THE PROBLEM.
Each line that has the string "Pack" must be copied from the records below.

RECORDS TO PROCESS.

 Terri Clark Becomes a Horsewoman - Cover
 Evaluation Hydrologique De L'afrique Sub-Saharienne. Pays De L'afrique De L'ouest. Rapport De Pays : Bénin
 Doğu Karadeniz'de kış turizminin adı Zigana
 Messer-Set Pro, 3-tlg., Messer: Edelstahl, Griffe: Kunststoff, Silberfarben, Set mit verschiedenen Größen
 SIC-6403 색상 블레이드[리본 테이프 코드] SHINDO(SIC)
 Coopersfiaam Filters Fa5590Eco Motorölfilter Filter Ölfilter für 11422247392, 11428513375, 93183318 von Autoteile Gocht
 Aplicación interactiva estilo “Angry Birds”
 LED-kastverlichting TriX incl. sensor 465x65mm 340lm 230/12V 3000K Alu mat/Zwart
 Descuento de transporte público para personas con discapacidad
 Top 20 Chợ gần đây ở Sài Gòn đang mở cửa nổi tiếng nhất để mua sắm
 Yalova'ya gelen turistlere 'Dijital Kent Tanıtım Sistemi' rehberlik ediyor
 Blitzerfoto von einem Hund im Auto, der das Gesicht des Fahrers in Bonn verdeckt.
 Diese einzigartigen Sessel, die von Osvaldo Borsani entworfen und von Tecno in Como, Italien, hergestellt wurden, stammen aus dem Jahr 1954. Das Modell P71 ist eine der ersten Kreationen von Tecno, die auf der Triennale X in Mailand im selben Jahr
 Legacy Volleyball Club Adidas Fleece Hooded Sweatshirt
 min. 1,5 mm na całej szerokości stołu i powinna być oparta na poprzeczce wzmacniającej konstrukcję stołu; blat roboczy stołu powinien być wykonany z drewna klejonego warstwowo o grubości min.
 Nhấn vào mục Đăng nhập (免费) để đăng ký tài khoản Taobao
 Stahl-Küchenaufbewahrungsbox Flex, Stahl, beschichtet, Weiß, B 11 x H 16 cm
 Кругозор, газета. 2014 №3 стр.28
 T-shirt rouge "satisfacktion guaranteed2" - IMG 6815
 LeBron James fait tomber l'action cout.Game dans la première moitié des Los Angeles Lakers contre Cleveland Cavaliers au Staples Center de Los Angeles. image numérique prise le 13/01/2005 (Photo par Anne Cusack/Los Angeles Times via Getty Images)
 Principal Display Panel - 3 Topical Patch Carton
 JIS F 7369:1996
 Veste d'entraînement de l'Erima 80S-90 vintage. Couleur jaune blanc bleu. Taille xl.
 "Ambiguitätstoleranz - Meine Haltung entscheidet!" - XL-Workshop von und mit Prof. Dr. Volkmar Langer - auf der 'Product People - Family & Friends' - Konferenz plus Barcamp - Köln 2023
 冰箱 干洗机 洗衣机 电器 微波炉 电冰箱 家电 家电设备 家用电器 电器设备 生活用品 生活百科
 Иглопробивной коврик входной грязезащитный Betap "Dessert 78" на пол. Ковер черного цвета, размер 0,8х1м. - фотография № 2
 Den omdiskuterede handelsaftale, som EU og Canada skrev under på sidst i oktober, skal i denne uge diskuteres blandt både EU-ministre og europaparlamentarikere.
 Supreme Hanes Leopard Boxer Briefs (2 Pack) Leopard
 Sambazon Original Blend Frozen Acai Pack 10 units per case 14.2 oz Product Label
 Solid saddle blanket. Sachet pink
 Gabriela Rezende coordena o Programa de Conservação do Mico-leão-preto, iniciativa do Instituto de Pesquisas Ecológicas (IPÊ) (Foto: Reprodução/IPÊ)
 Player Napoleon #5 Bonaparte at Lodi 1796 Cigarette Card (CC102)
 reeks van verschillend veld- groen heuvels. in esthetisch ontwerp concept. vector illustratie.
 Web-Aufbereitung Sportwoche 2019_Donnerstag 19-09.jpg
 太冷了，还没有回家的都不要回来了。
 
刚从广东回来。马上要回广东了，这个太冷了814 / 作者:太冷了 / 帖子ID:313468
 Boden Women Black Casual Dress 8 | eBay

ANSWER FOR THIS EXERCISE.
 Supreme Hanes Leopard Boxer Briefs (2 Pack) Leopard
 Sambazon Original Blend Frozen Acai Pack 10 units per case 14.2 oz Product Label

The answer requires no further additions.